Now, assume that $\Sigma '=(\sigma _0',\sigma _{\infty },\sigma _1',\tau ')$ is another special $4$ -tuple lying in the same conjugacy class of $\Sigma $ , that is, $\Sigma '=\gamma ^{-1}\Sigma \gamma $ for some $\gamma \in S_{2n}$ ; then, since by assumption $\sigma _{\infty }$ has to be fixed by the conjugation, we have that $\gamma $ will be a power of $\sigma _{\infty }$ . Furthermore, since we want $\sigma _1'$ and $\tau '$ both to fix $2n$ , then the conjugation has to permute $2n$ with n (which is the only other point fixed by $\sigma _1$ and $\tau $ ); consequently, $\gamma =\sigma _{\infty }^n$ . Notice finally that, given a special $4$ -tuple $\Sigma $ , we have $\sigma _{\infty }^{-n}\Sigma \sigma _{\infty }^n= \Sigma $ if and only if n is even and $\tau =\left ( \frac {n}{2}, 2n-\frac {n}{2} \right )$ .

This implies that:

• • if n is odd, then we have $\frac {1}{2}(n-1)$ conjugacy classes, because every conjugacy class contains two special $4$ -tuples;

• • if n is even, then we have $\frac {1}{2}n$ conjugacy classes because every conjugacy class contains exactly two special $4$ -tuples, except for the conjugacy class of the $4$ -tuple with $\tau =\left (\frac {n}{2}, 2n-\frac {n}{2}\right )$ which contains only one special $4$ -tuple.

In general we have

(8.1) $$ \begin{align} \#\ \textrm{conjugacy classes}= \left \lfloor \frac{n}{2} \right \rfloor. \end{align} $$

We point out that, in the disjoint case, Corollary 7.4 gives an easier way to detect whether the solution $(A,B)$ is primitive by looking only at the corresponding $\tau $ of a special representative.

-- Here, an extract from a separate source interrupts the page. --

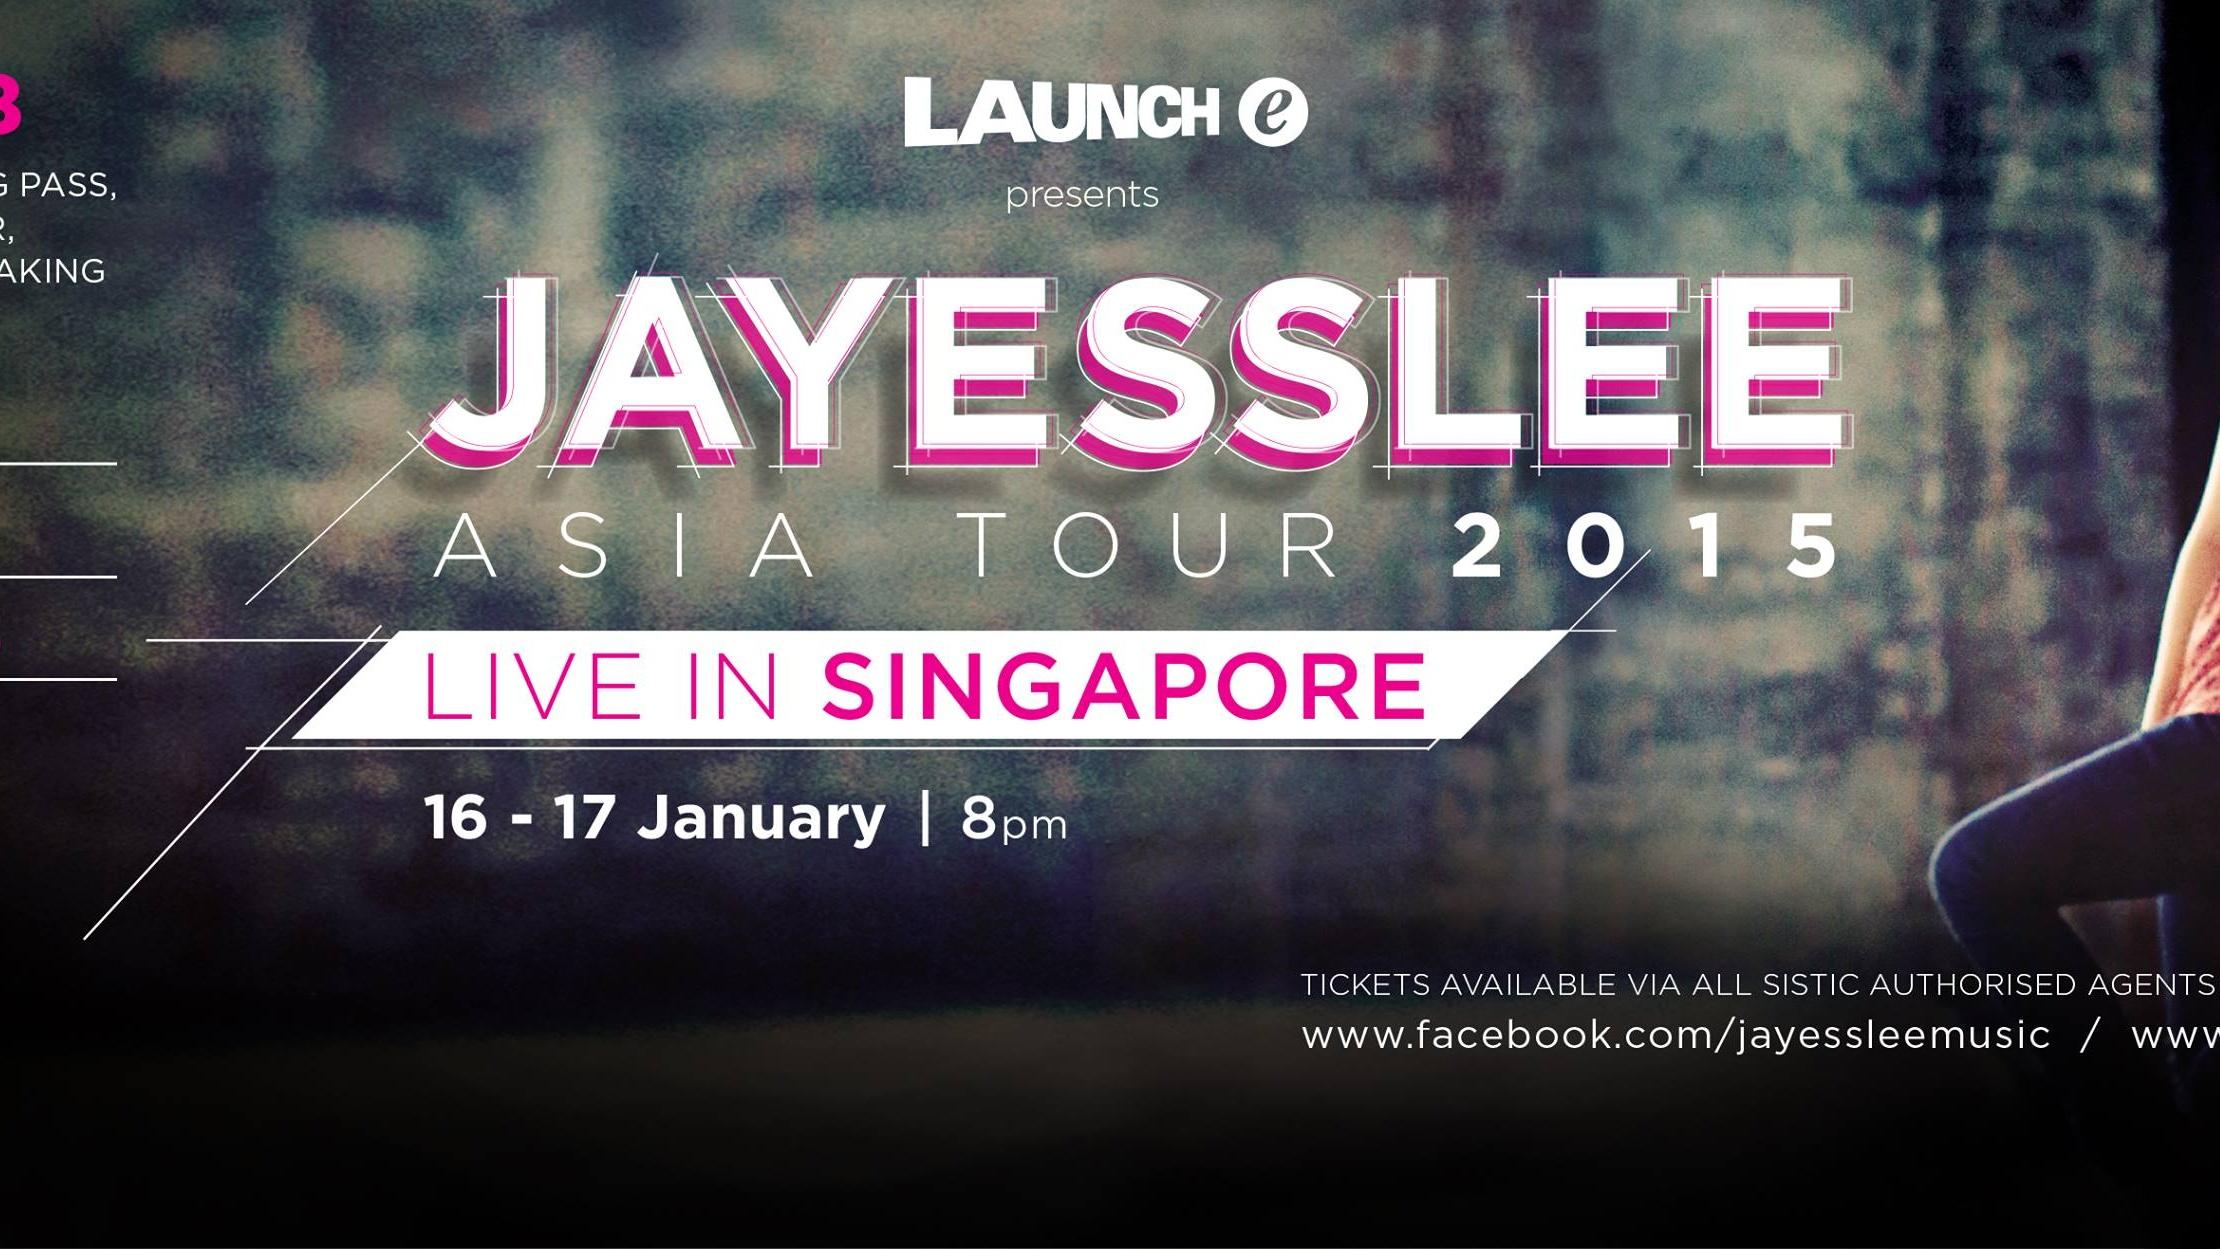 JAYESSLEE ASIA TOUR 2015 - SINGAPORE

Proposition 8.1. Consider the $4$ -tuple $\Sigma =(\sigma _0,\sigma _{\infty },\sigma _1,\tau )$ with $\sigma _{\infty }=(2n,2n-1,\ldots ,1)$ and $\sigma _0=(1,2n)(2,2n-1)\ldots (n,n+1)$ associated to a solution $(A,B)$ of a Pell–Abel equation. Then $(A,B)$ is the m-th power of another solution if and only if $\tau =(h,2n-h)$ with $m\mid h$ .

In particular, there are exactly $\varphi (n)/2$ equivalence classes corresponding to primitive solutions.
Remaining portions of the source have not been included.